Background technology
Prorocentrum minimum Prorocentrum minimum (Pavillard) Schiller is that one common are poison red tide
Dinoflagellate, it belongs to Prorocentrum, Prorocentrum micans section, Prorocentrum.This kind is littoral kind, is distributed widely in the whole world.China is littoral
Distribution is had with inner bay.Prorocentrum minimum is a kind of common red tide algae kind, a kind of main species when being China's breakout of red tide.
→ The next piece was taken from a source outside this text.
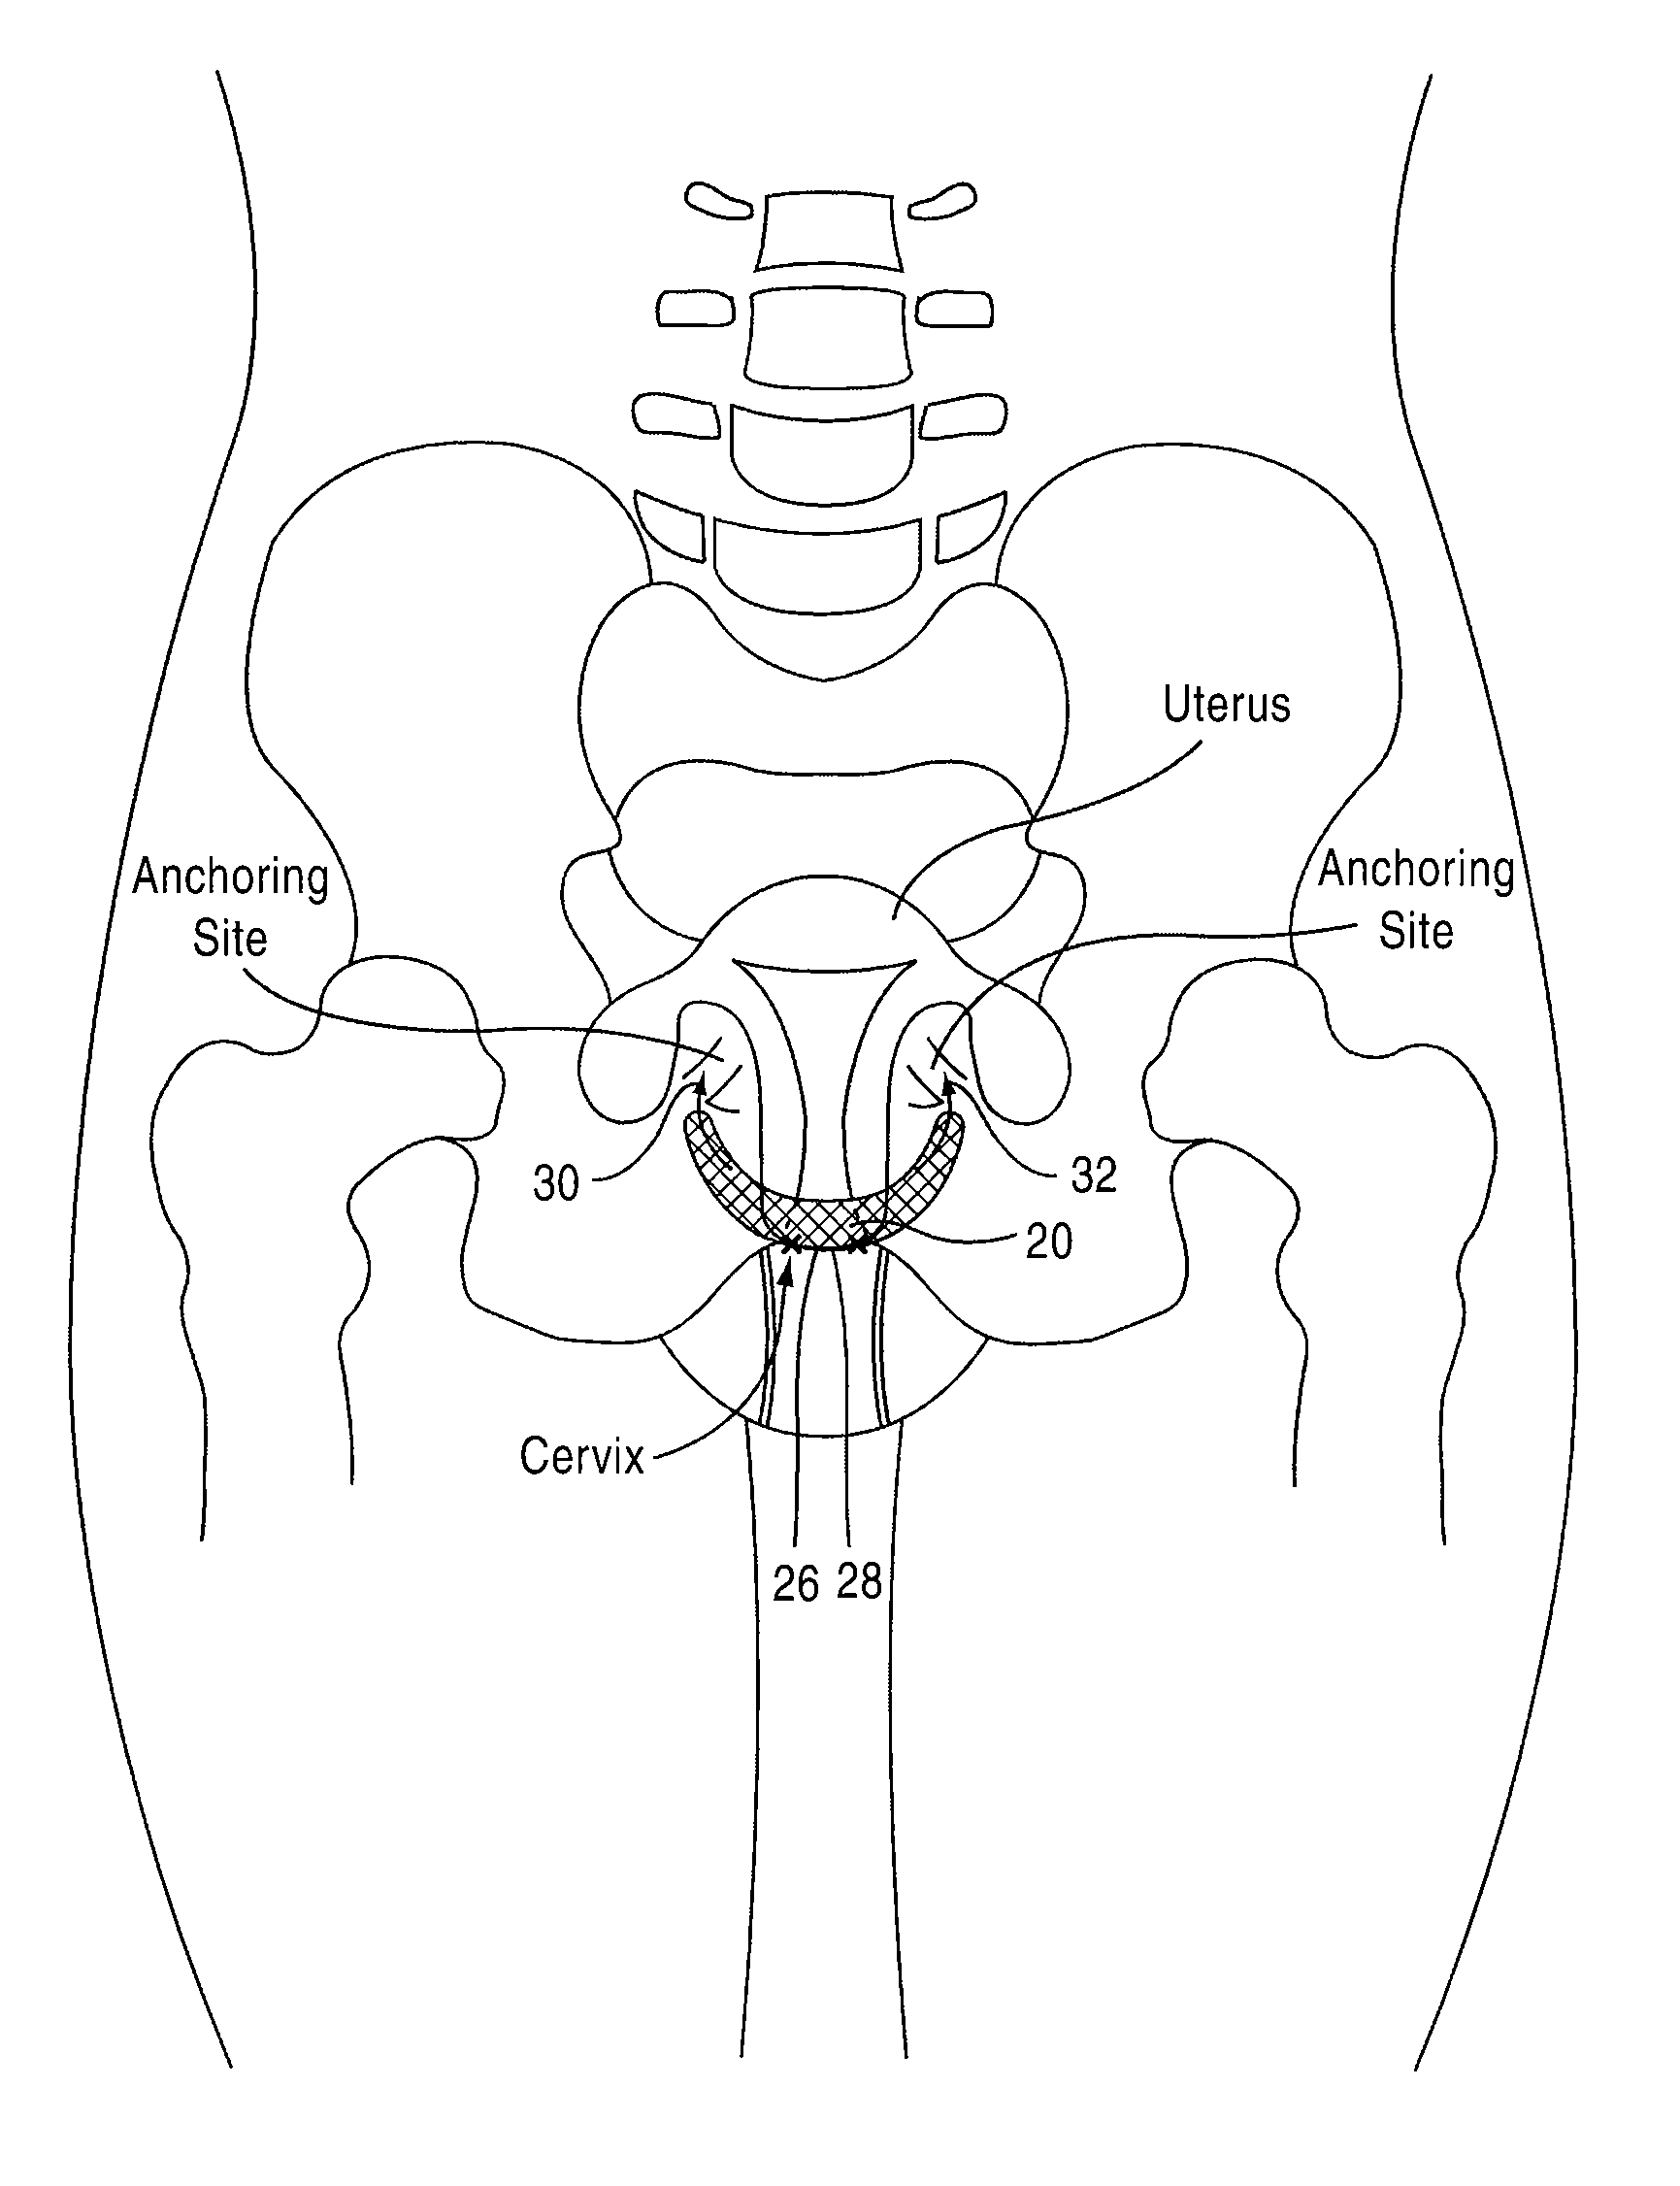 Apparatus and method for suspending a uterus
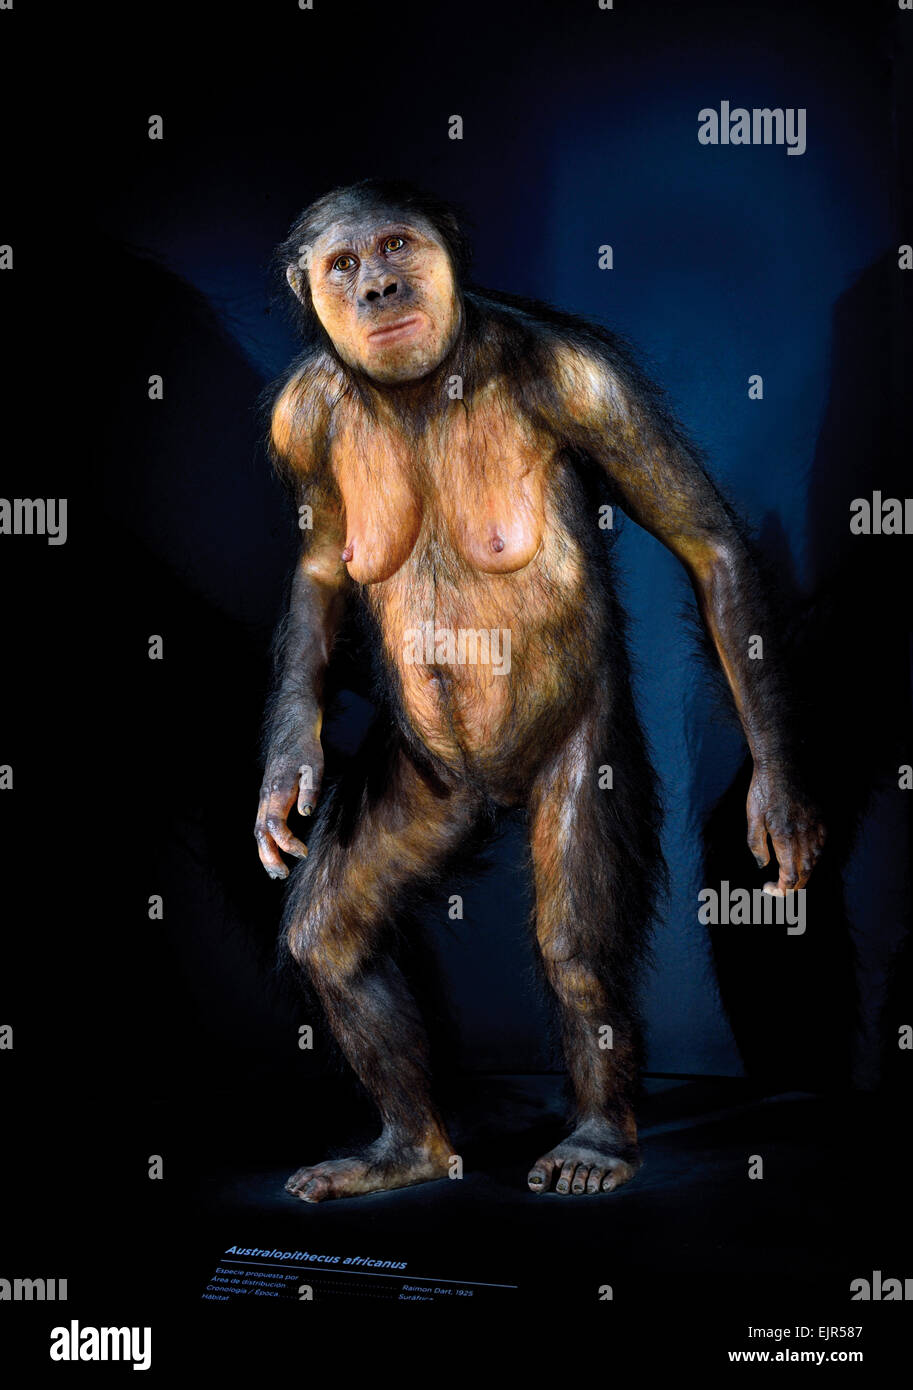 España, Burgos: homínido Australopithecus Africanus en el Museo de la Evolución Humana en Burgos Foto de stock

Dagu, China Tianjin mouth is neighbouring and Hong Kong Waters once occurred prorocentrum minimum tide, causes a large amount of fish kills.Prorocentrum minimum
Form is small, and similar to other Prorocentrum micans kinds, differentiates difficulty by morphology under the microscope, needs observer to enrich
Experience.But present stage, mainly observe its morphological feature by microscope for detecting the method for prorocentrum minimum.Therefore,
Needs find one faster, more convenient, are more suitable for the detection method of prorocentrum minimum.
Summary of the invention
It is an object of the invention to provide the detection method of a kind of quick detection harmful algae prorocentrum minimum, to realize micro-
Little Prorocentrum micans carries out field quick detection safe, special, quick, sensitive, simple, thus makes up existing traditional sensing techniques
Not enough.
Present invention firstly provides a kind of loop-mediated isothermal amplification (LAMP) primer group detecting prorocentrum minimum, include following drawing
Thing:
F3 primer PS-F3:5 '-GGCCTTGTTCGACCGC-3 ' (SEQ ID NO:1),
B3 primer PS-B3:5 '-ACCAGGCCACCACCGA-3 ' (SEQ ID NO:2),
FIP primer PS-FIP:
5′-CGTCACCCATGCCCTGGTTGTTGCCGCGCCATGATGTG-3′(SEQ ID NO:3)、
BIP primer PS-BIP:5 '-ATTTCCCGCCGCAGTACCTGCCCAGGATGCGCCACAT-3 ' (SEQ ID NO:
4)、
LF primer PS-LF:5 '-TGCTCAAAGTCAGCACGGAA-3 ' (SEQ ID NO:5)
LB primer PS-LB:5 '-CCGTCGTGCTGCGTGAT-3 ' (SEQ ID NO:6);
As preferably, the sequence of FIP primer PS-FIP is as follows:
5′-CGTCACCCATGCCCTGGTTGTTGCCGCGCCATGATGTG-3′(SEQ ID NO:7)、
The sequence of BIP primer PS-BIP is as follows:
5′-ATTTCCCGCCGCAGTACCTGCCCAGGATGCGCCACAT-3′(SEQ ID NO:8)。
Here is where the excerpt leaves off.